I eventually learned to love and accept who I am as a person. Gay. Christian. A Man. So much more. For a long, long time, I had to put away all my worship music because it reminded me of too may hurtful eras and beliefs in my life. A time of black and white belief systems, fundamentalism, that I no longer ascribed to. I have since had periods where I listened to worship again and returned to church here and there. And then just this week, I had a strong encounter with the Spirit of God as I’ve been seeking God but feeling blocks. Then a breakthrough happened. I entered a room and the presence was so strong it was like a literal person was there. I felt the love and the embrace. This presence followed me for some time.
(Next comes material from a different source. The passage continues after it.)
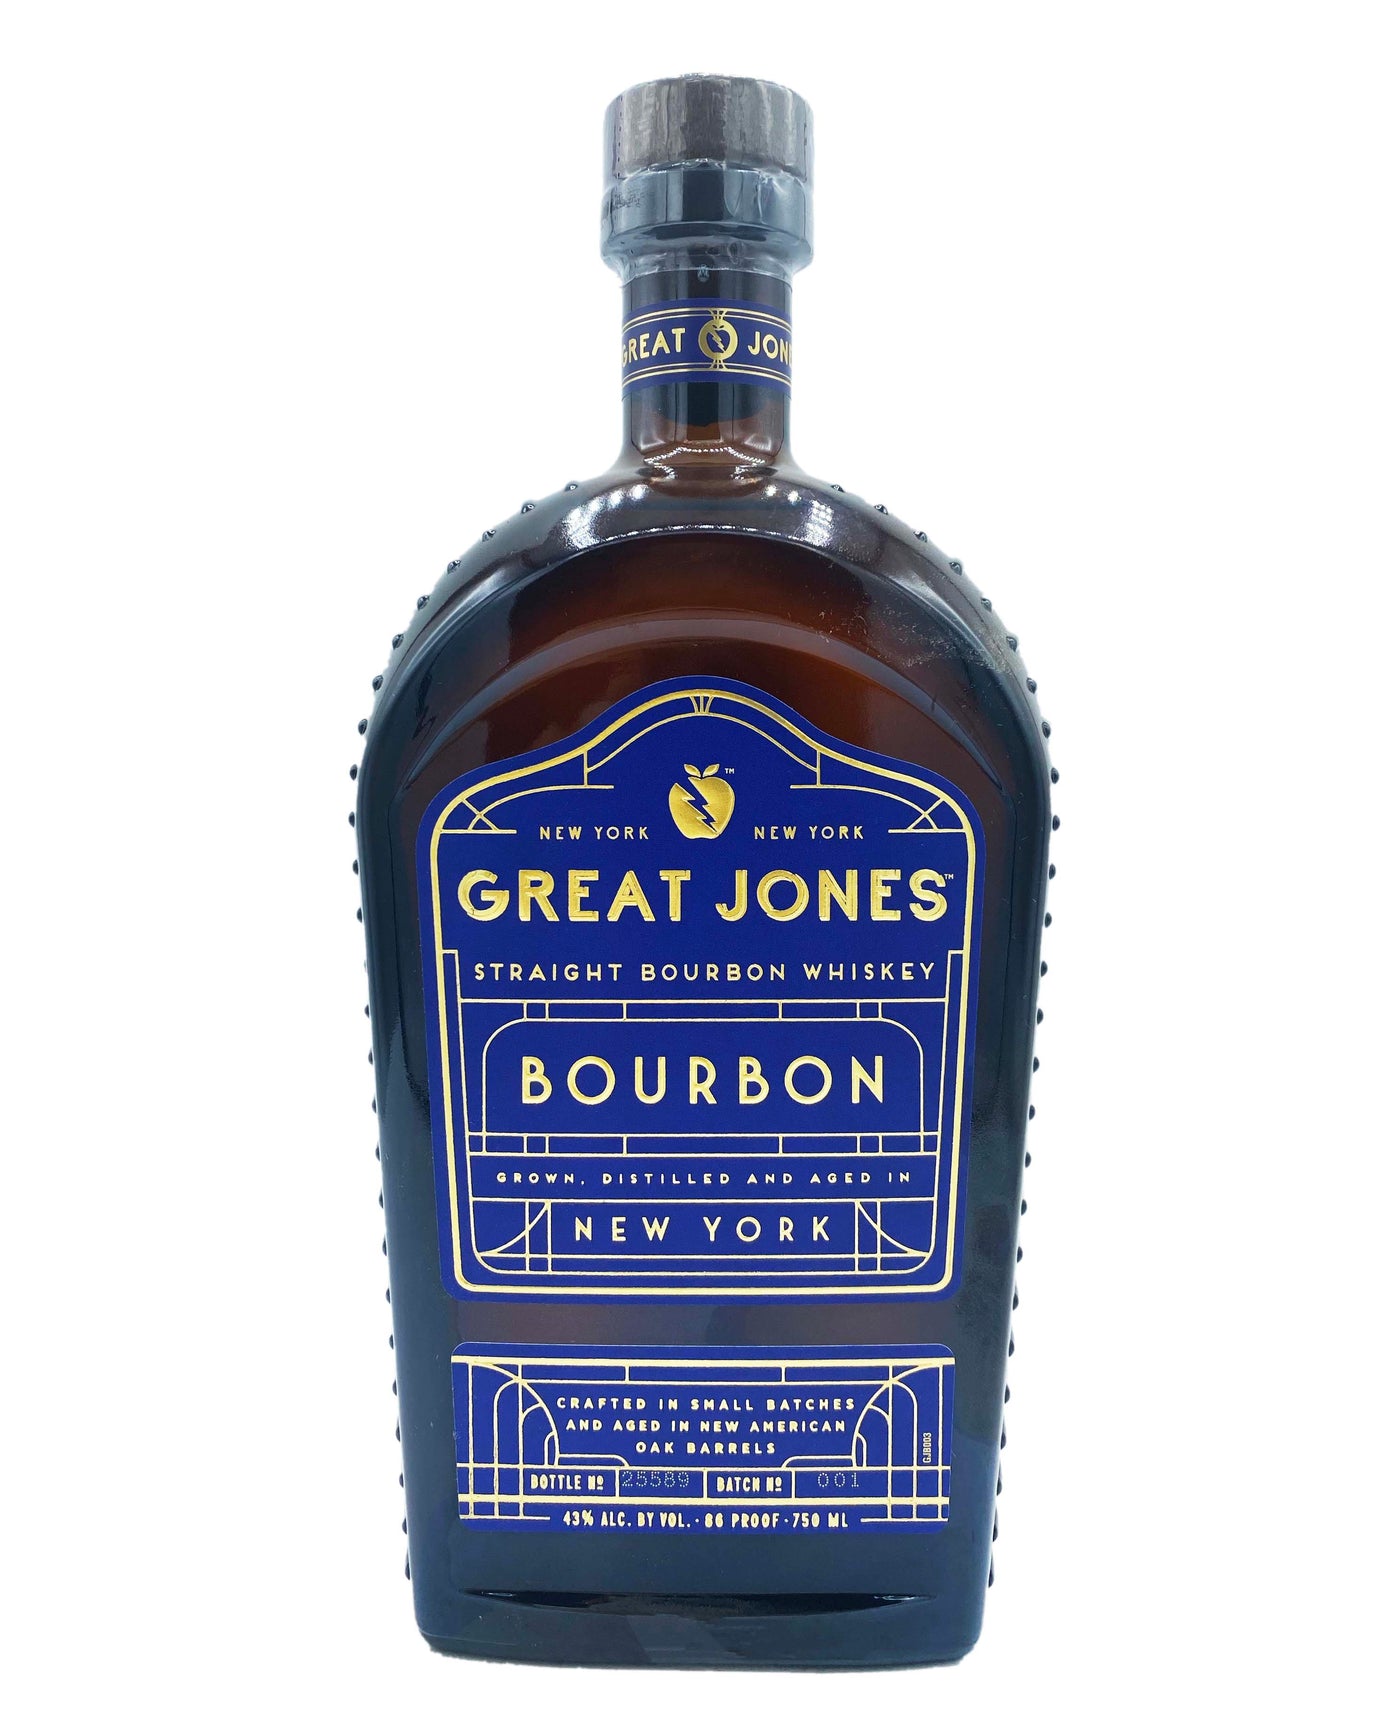 Great Jones Bourbon 750ml

I’m not entirely sure why I experienced it but I have some ideas.

This opened me back up to digging through some of my favorite worship music and one of the many songs I pulled up was “This Is The Air I Breath”. I listened to it today and see how my spiritual life has changed. It is really as simple as this song. All I need is Gods’ Word spoken to my heart–I don’t mean the Americanized Bible–God’s Spirit speaking to my heart. I am also connected to the fact that everything I do and all that I am stems out of God. My breathing, my doing, my being here–and it is a great revelation to have. It is a great peace. It is a very dark time in this world, but I can rely on this Spiritual work I have done with God to know who and what I am in the center of my being. I can pray and connect. Thank you Jesus!

And now when I hear the “I am desperate for you” and “I’m lost without you”, it is not in the sense that I am separate from God because I am gay. It is only in the sense whenever I think I am separate or how I would be without God in my life. How much I want and am glad God is in my life.

One worship song: 3 Seasons of My Life. I wonder what are some of your favorite worship songs and where you find yourself if you heard them today?